<h1><center>MNIST classification using Keras<center></h1>

# Student : Frank Enrique Facundo Raime

# Importing Keras

In [1]:
# Importing the Keras main module forcing tensorflow 1.x backend
import tensorflow as tf
import keras
print("Using tensorflow version " + str(tf.__version__))
print("Using keras version " + str(keras.__version__))

Using tensorflow version 2.1.0
Using keras version 2.3.1


Using TensorFlow backend.


## Loading and preparing the MNIST dataset

Load the MNIST dataset via keras.datasets. Again, turn train and test labels into one-hot encoding, and reshape and normalize data as in the first exercise. 

In [2]:
#@title
# The MNSIT dataset is ready to be imported from Keras into RAM
# Warning: you cannot do that for larger databases (e.g., ImageNet)
from keras.datasets import mnist
# START CODE HERE

(x_train, y_train), (x_test, y_test) = mnist.load_data()

# END CODE HERE


In [3]:
from keras.utils.np_utils import to_categorical
# START CODE HERE
y_train = keras.utils.to_categorical(y_train, 10)
y_test = keras.utils.to_categorical(y_test, 10)
# END CODE HERE

In [4]:
# Reshape to proper images with 1 color channel according to backend scheme
# img_rows, img_cols = train_images.shape[1], train_images.shape[2]
# train_images = train_images.reshape(...)
# START CODE HERE

x_train = x_train.reshape((60000,784))
x_test = x_test.reshape((10000,784))
                         
# END CODE HERE

# Cast pixels from uint8 to float32
#train_images = train_images.astype('float32')
x_train = x_train.astype('float32')
x_test = x_test.astype('float32')

# Now let us normalize the images so that they have zero mean and standard deviation
# Hint: are real testing data statistics known at training time ?
# START CODE HERE
x_train /= 255.0
x_test /= 255.0
# END CODE HERE

## Defining the neural network architecture (i.e., the network model)
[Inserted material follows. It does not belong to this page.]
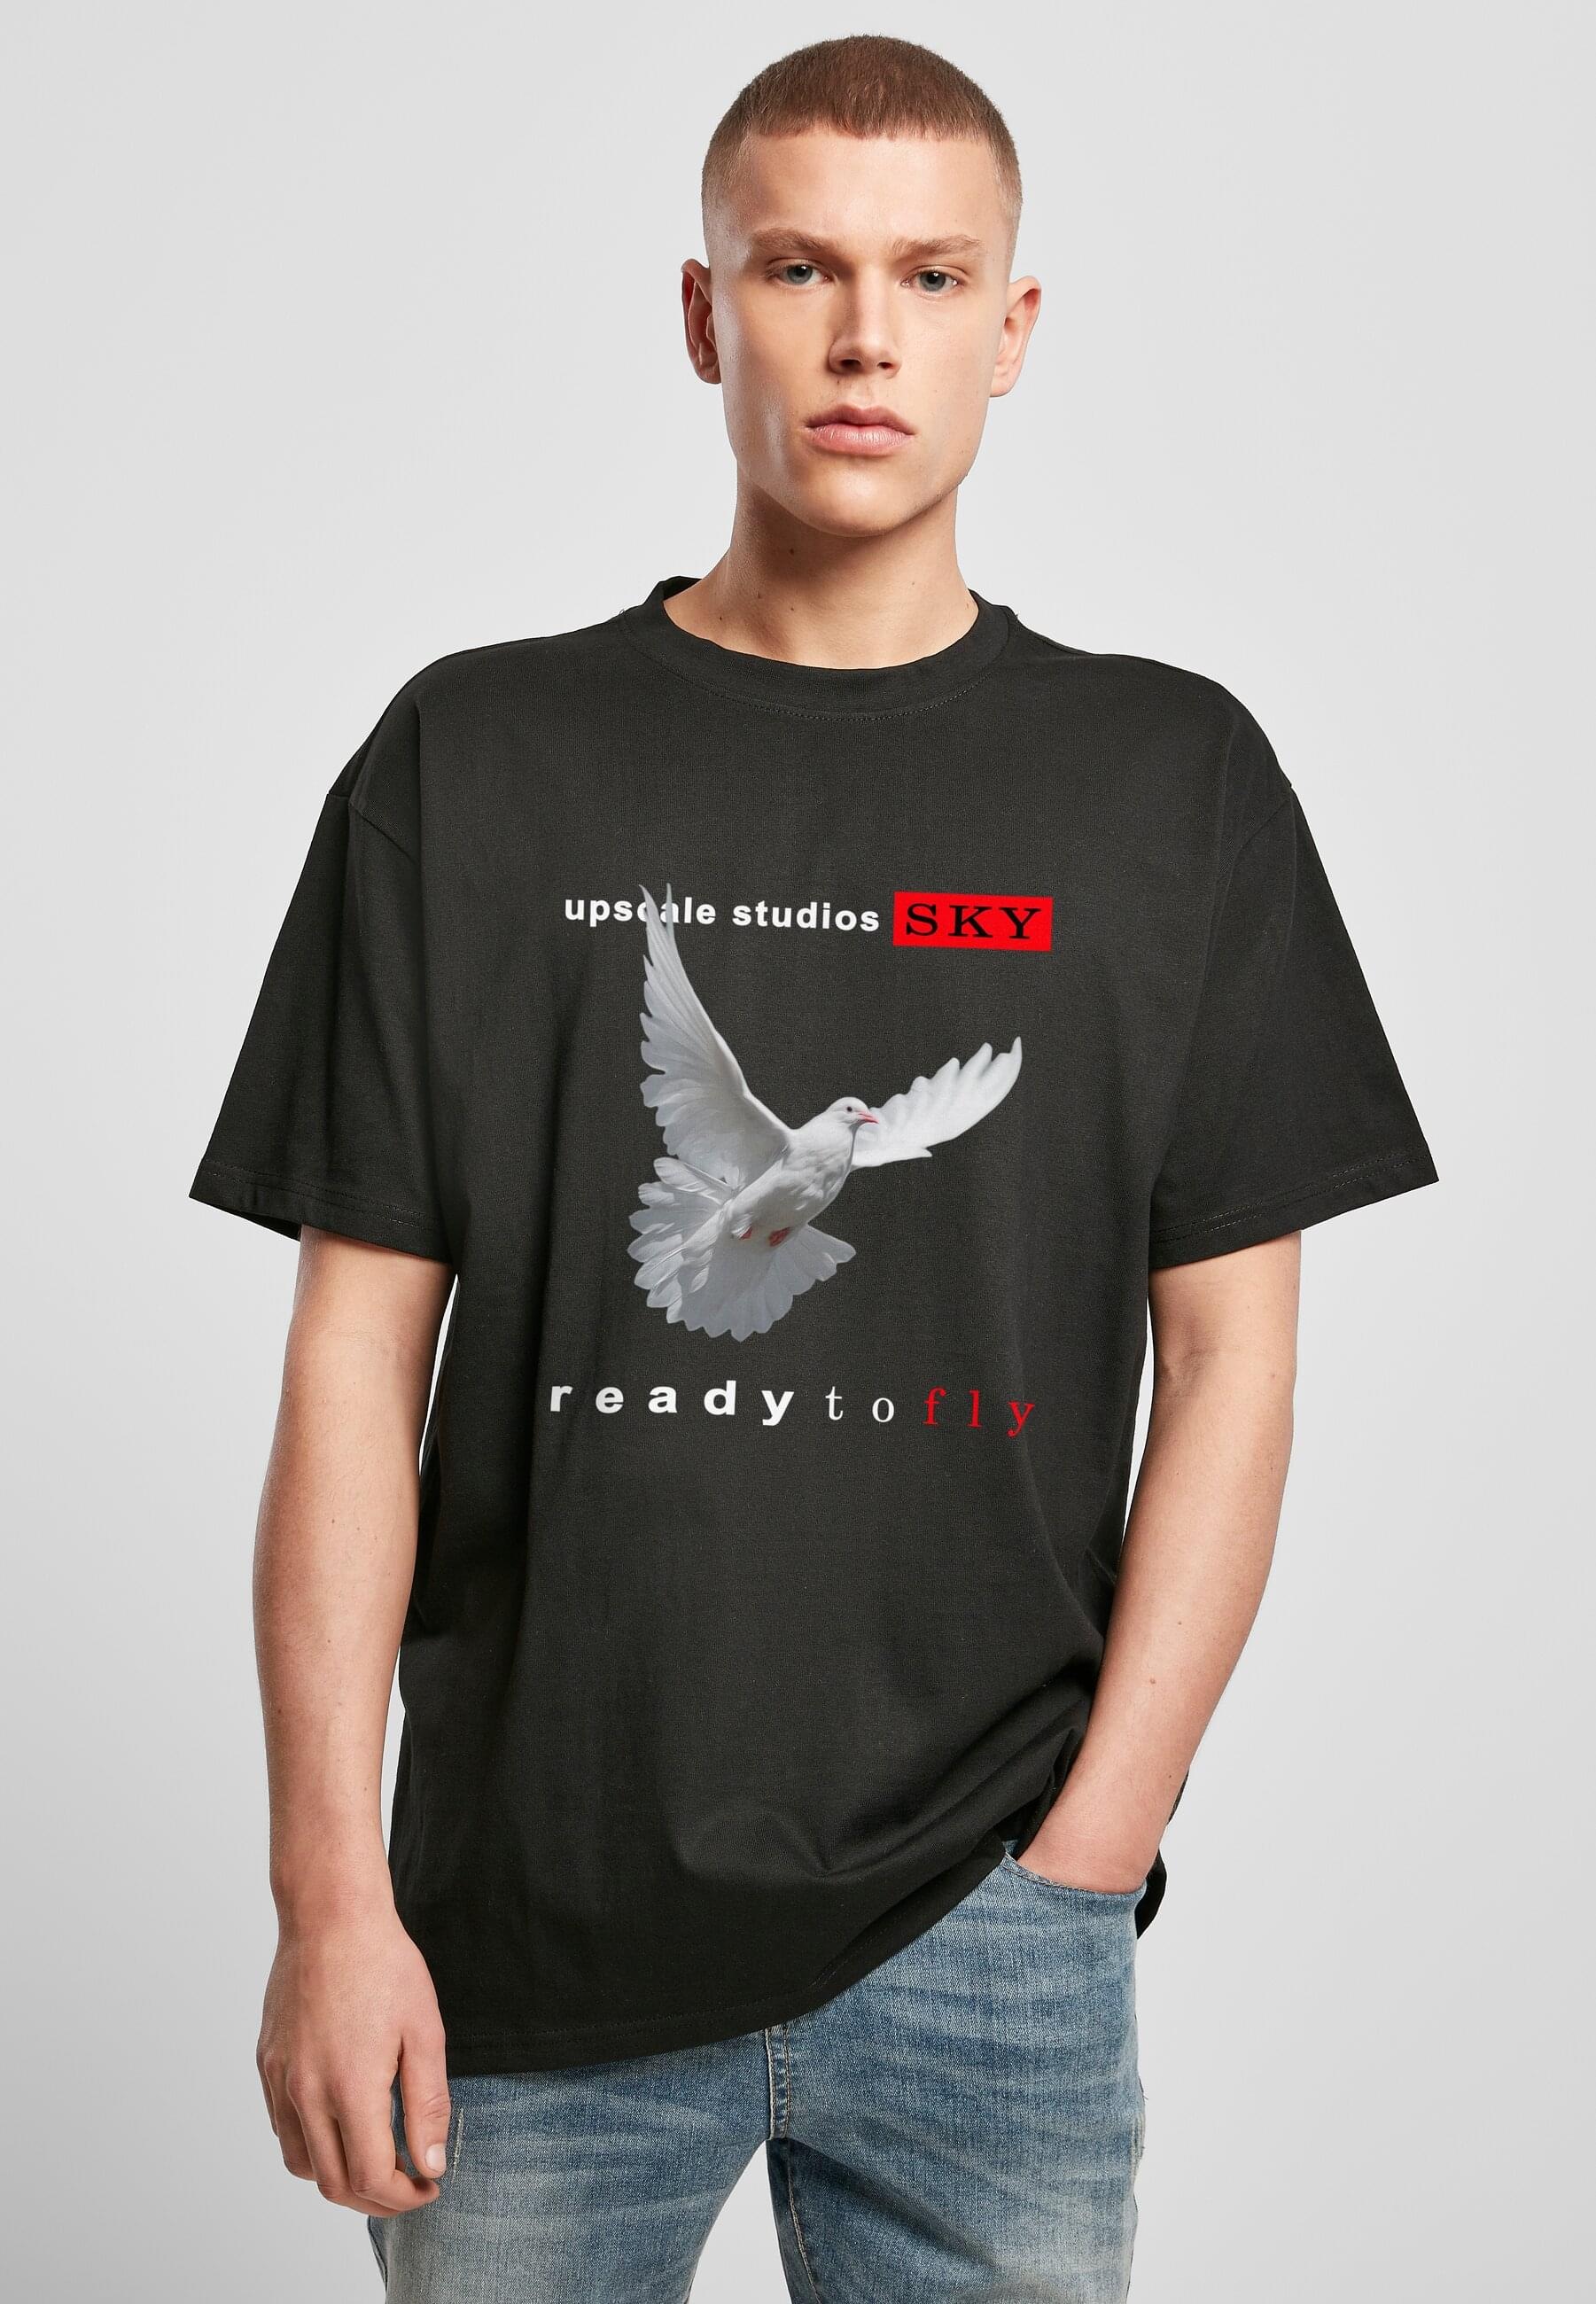 Black Friday Upscale by Mister Tee T-Shirt »Unisex Ready to fly Oversize Tee«,  (1 tlg.) | BAUR

Look at this [cheatsheet](https://s3.amazonaws.com/assets.datacamp.com/blog_assets/Keras_Cheat_Sheet_Python.pdf) for some basic information on how to use numpy.

First, try to replicate the classifier of the first exercise. Secondly, create a fully connected network.
For the fully connected layer, you can for example use this architecture: 
$$ (784) \rightarrow (300) \rightarrow (10) $$
For this first implementation of the network, use only sigmoid activations in the hidden layer. Remember to use the right output activation function ! 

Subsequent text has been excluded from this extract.